К Фёдору применили ту же банальную систему «двух следователей». Первый, в описании которого Игорь без труда узнал майора Переверзенцева, кричал, ругался, обвинял в связях с американской разведкой и пугал пожизненным заключением. Второй, неизвестный Игорю полковник Щепетько, наорал на бедного майора, извинился от лица всех чекистов разом, объяснил, что вышла ошибка, что на него, Фёдора Таволгина, наговорил один подследственный, с которым Фёдор когда-то учился вместе, назвал первого, кто в голову пришёл, чтобы отвести следствие от действительных фигурантов. Фамилию клеветника, однако же, полковник не сообщил, сославшись на тайну следствия. Потом они выпили чаю, поговорили за жизнь, от чая плавно перешли к коньяку – после чего разговор как-то сам собой вырулил на теоретические изыскания Фёдора. Щепетько, правда, признался, что не очень всё это понимает, но сбегал за человеком, который в науке ориентируется лучше. Человек оказался каким-то научным консультантом, звали его Антон Петрович, и вот с ним-то Федя почувствовал единение сердец. Тот всё понимал с полуслова, высказывал собственные – и очень нетривиальные! – соображения, набрасывал вслух программу исследований… В общем, Федя купился. С потрохами, как сказал бы Вадим Александрович. Федя немедленно был устроен в некий ФИЦ – Физический исследовательский центр неясной административной принадлежности. Работать, сказали ему, можно и дома, во всяком случае, пока исследования не перешли в экспериментальную фазу. Оклад положили такой, о каком Фёдя и в лучшие времена мечтать не смел.

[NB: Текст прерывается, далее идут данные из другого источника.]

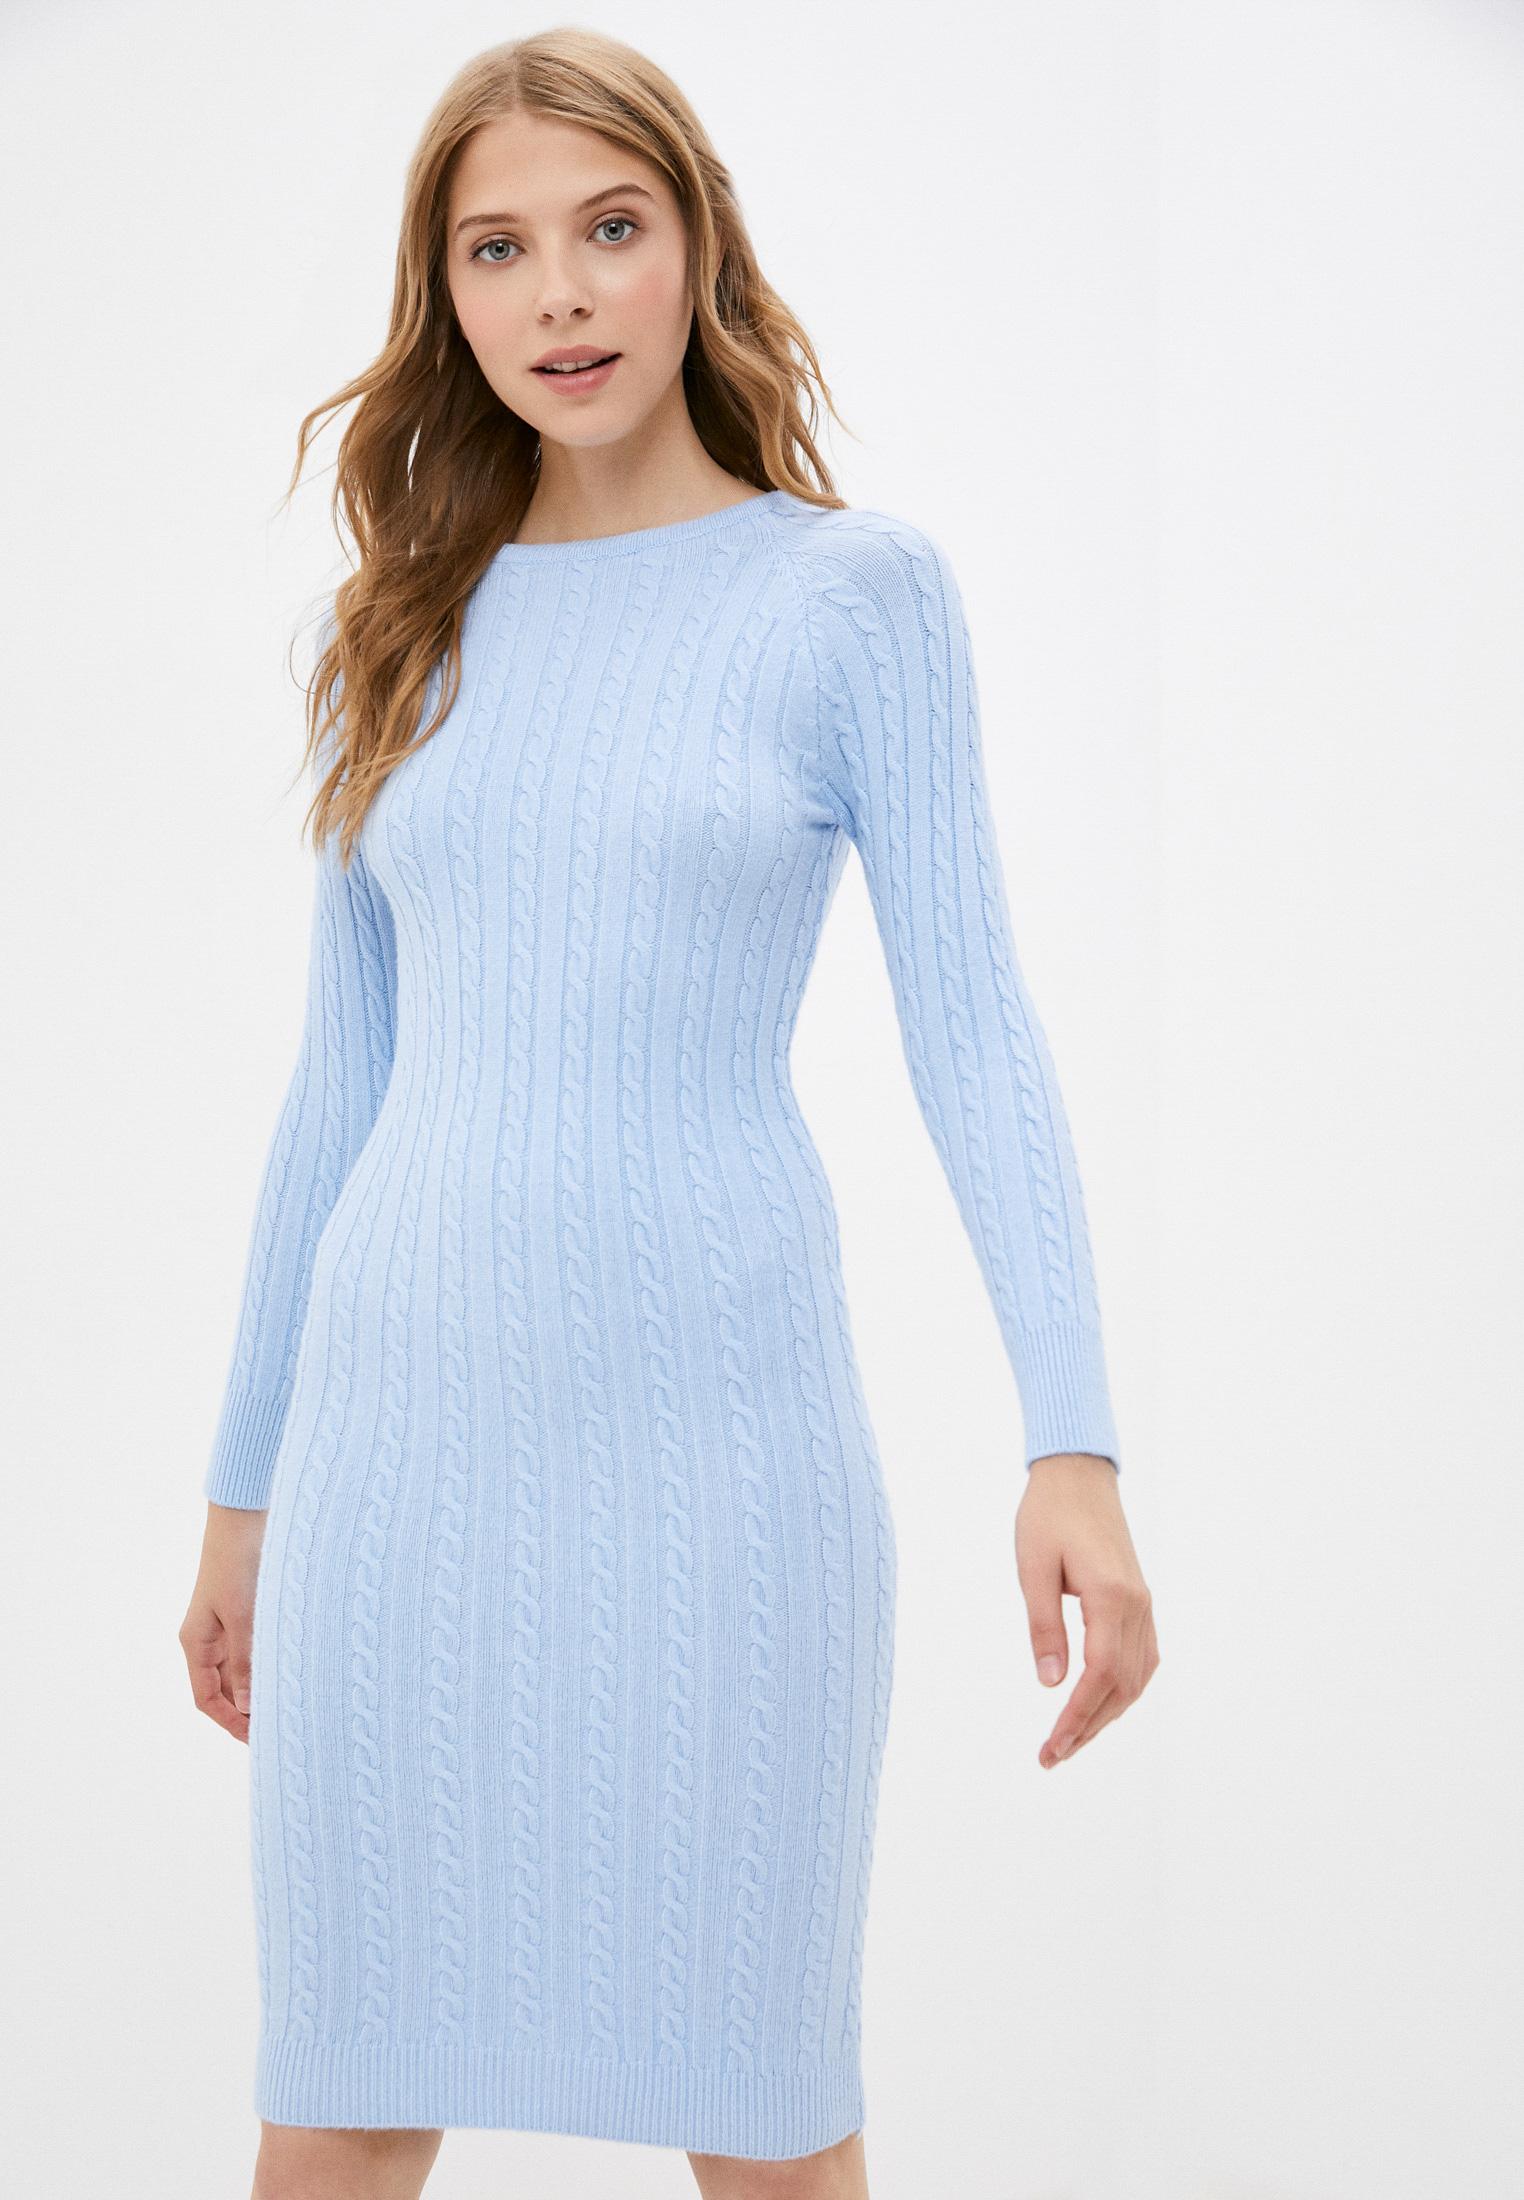 Вязаное платье Vickwool VW271-3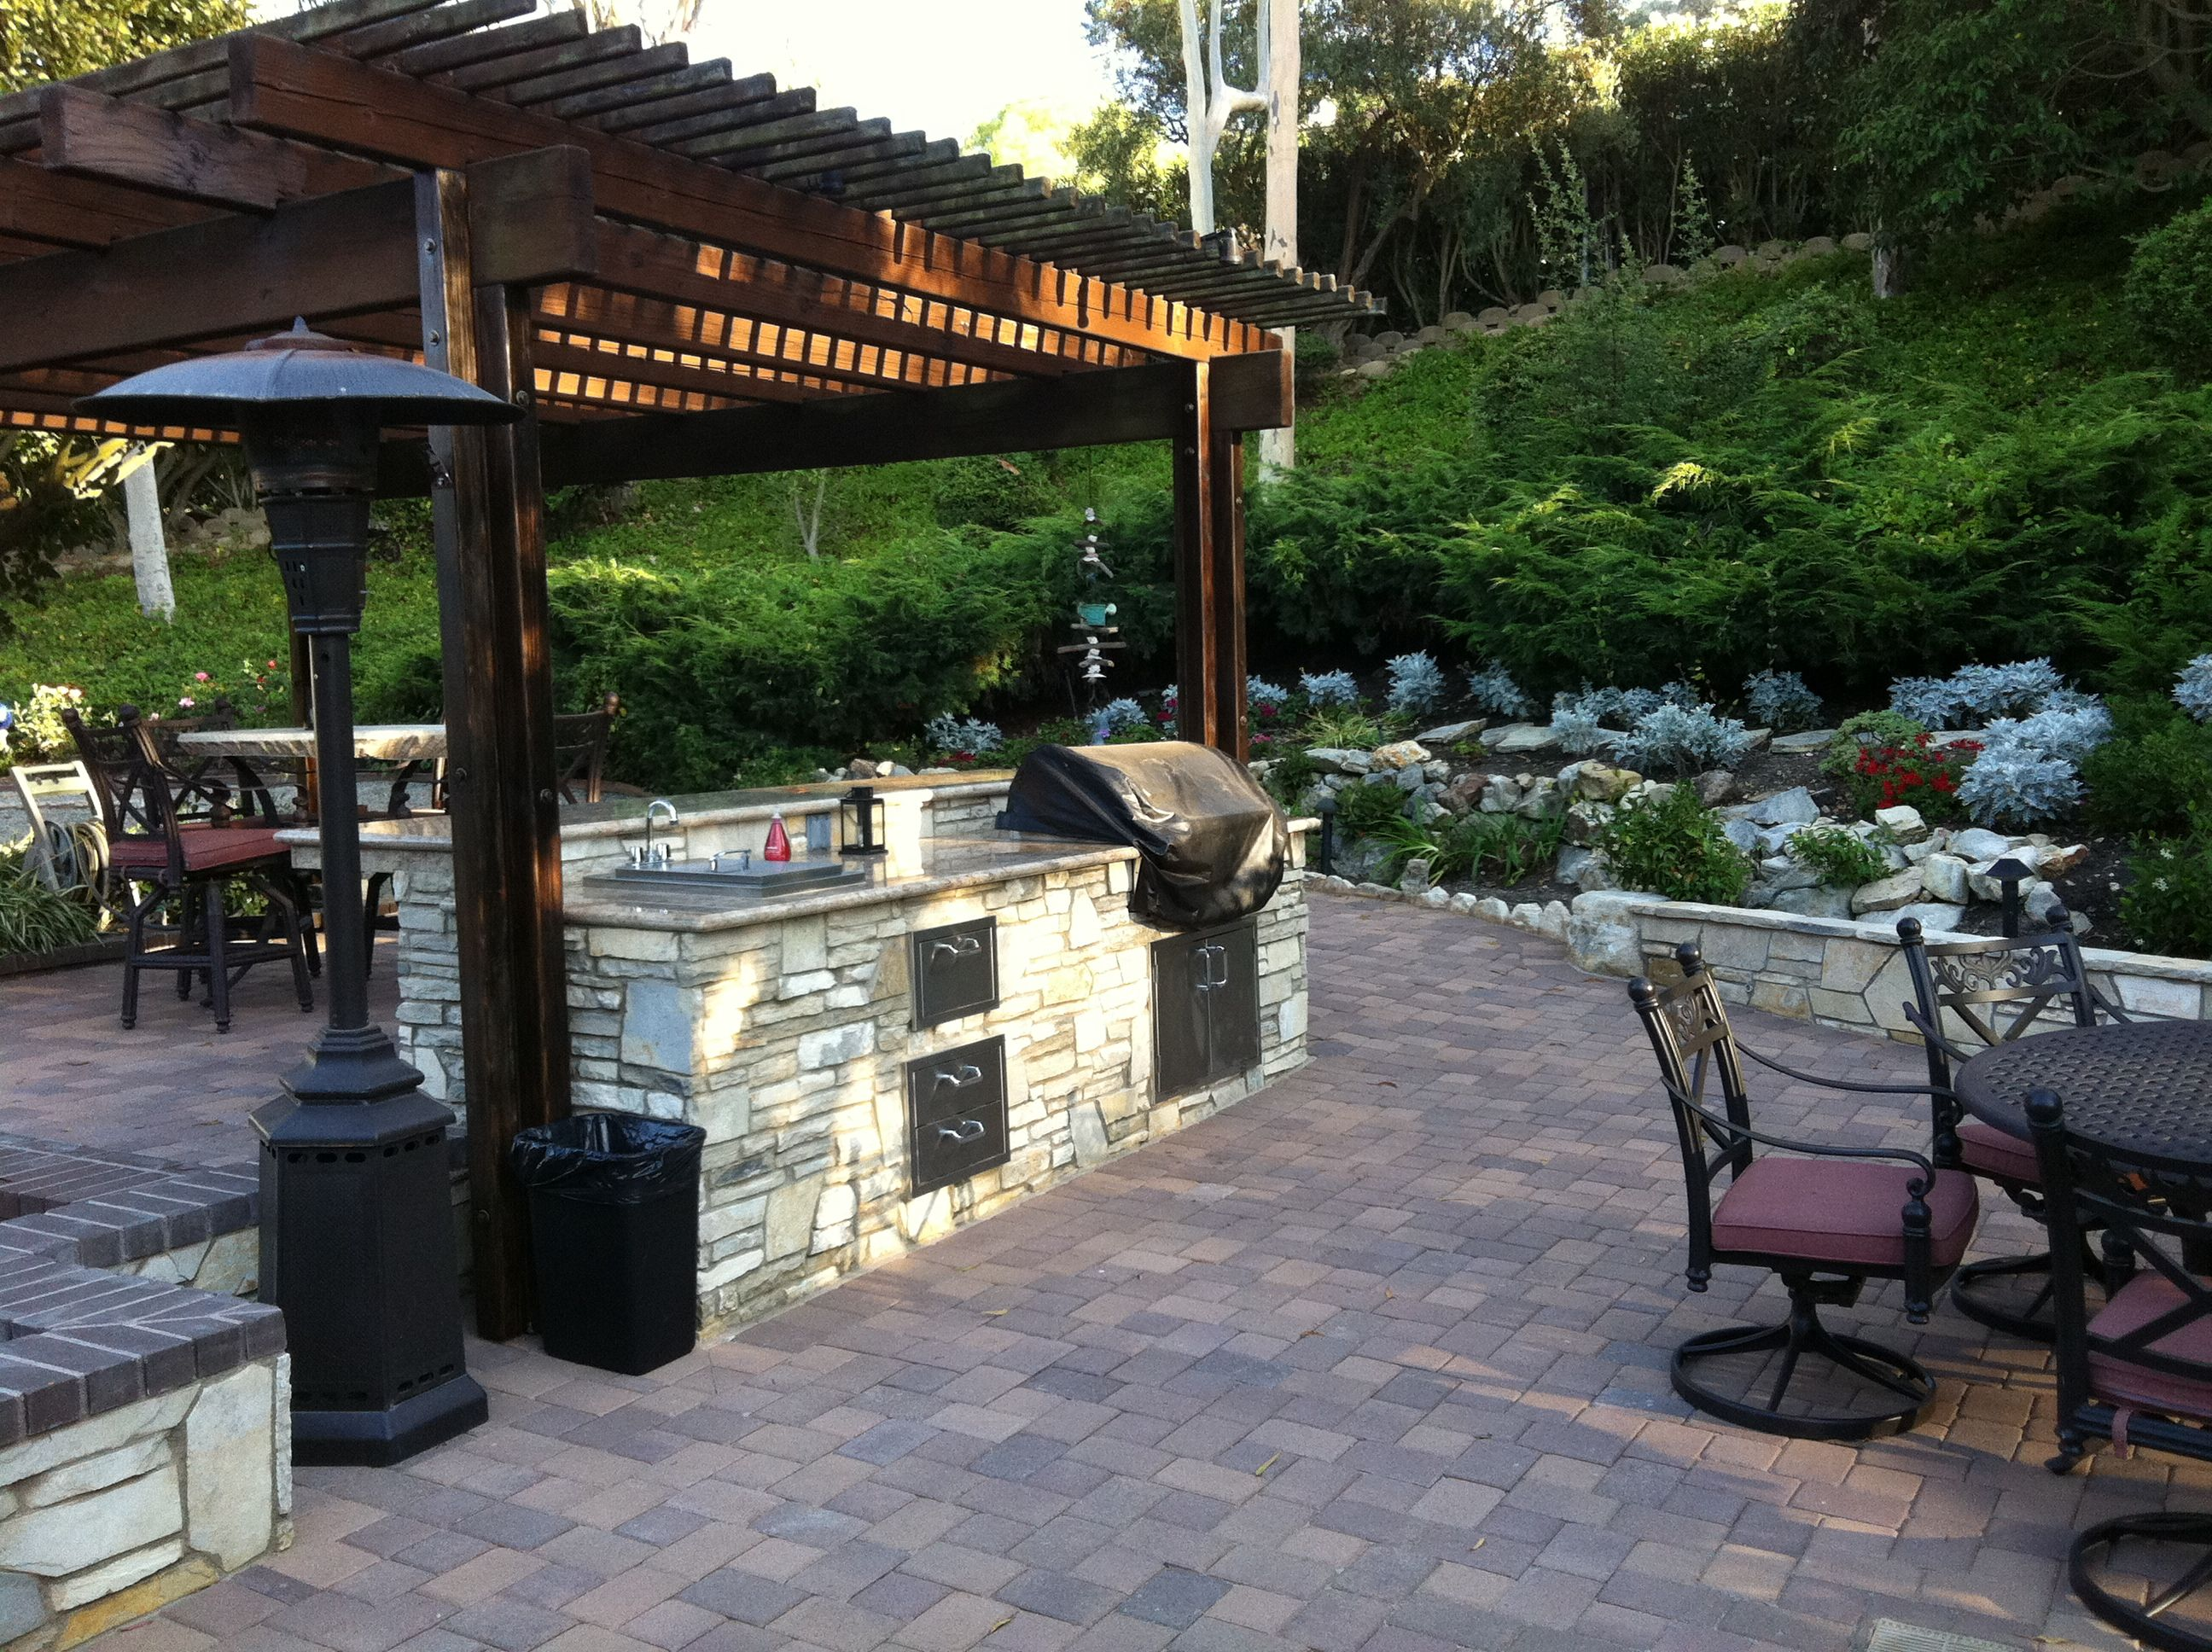 New patio, New BBQ island | Barbecue design, Patio ... on Backyard Patio Grill Island id=13046

Сейчас в его спешно убранной квартире отмечалось счастливое обретение блудного брата. Историю Тёмкиного похищения Настя решила пока брату не рассказывать – не хотелось ей портить праздничное настроение. Да и сам Тёмка ничего не помнил – весь тот день Игорь ему стёр сразу же, едва спящего страдальца привезли домой. «Так бывает, – позже объяснил он Насте. – Это защитная реакция психики. Когда случается слишком много такого, с чем детское сознание не может сжиться, оно вытесняет нежелательные воспоминания в область бессознательного. Может, так даже и лучше. К врачам обращаться не стоит, разве только если ночные страхи появятся».
Впрочем, пока ни малейших признаков страха не наблюдалось. Тёмка при первой же возможности улизнул из-за стола и сперва пытался раскрутить скучного Матроскина на игру в прятки, а поняв тщетность этих попыток, отправился в дяди Федин кабинет, разлёгся там на полу и стал рисовать скриншоты к компьютерной игре собственного сочинения. В игре заметное место занимали драконы разного цвета и количества голов. Одно лишь у них было общим – длиннющие хвосты, усеянные растущими прямо из чешуи клыками.
Отобедав, остались там же, в гостиной, которая играла и роль столовой. Настя заявила, что вид немытой посуды оскорбляет её эстетическое чувство, поэтому пусть мужчины пока болтают о пустяках, а она займётся серьёзным женским делом.
Игорь и без всякой Второй Плоскости чувствовал исходящие от неё волны солнечной радости. Хотелось надеяться, что причиной тому было не только Федино возвращение.
– Так вот, о пустяках, – вздохнул Игорь. – Помнишь, Федя, мы с тобой про бомбу как-то говорили? В смысле, что какая разница у кого первым появится. Так или иначе у всех будет. Ну и вот… Тебе не кажется, что именно в бомбу ты и вляпался? С этим твоим ФИЦ? Тут и ёжику понятно: любое такое предложение гэбэшников – это приглашение в шарашку. В бомбу. Ты ж раньше не хотел. Что изменилось?
Он и сам понимал, что бесполезно. Всё равно как отбирать мясо у собаки. Фёдор слишком настрадался из-за невостребованности, и потому с головой окунулся в новую иллюзию. Что ж с ним делать-то? Не взрывать же… Ситуация – хуже не бывает. Разве что князь найдёт выход…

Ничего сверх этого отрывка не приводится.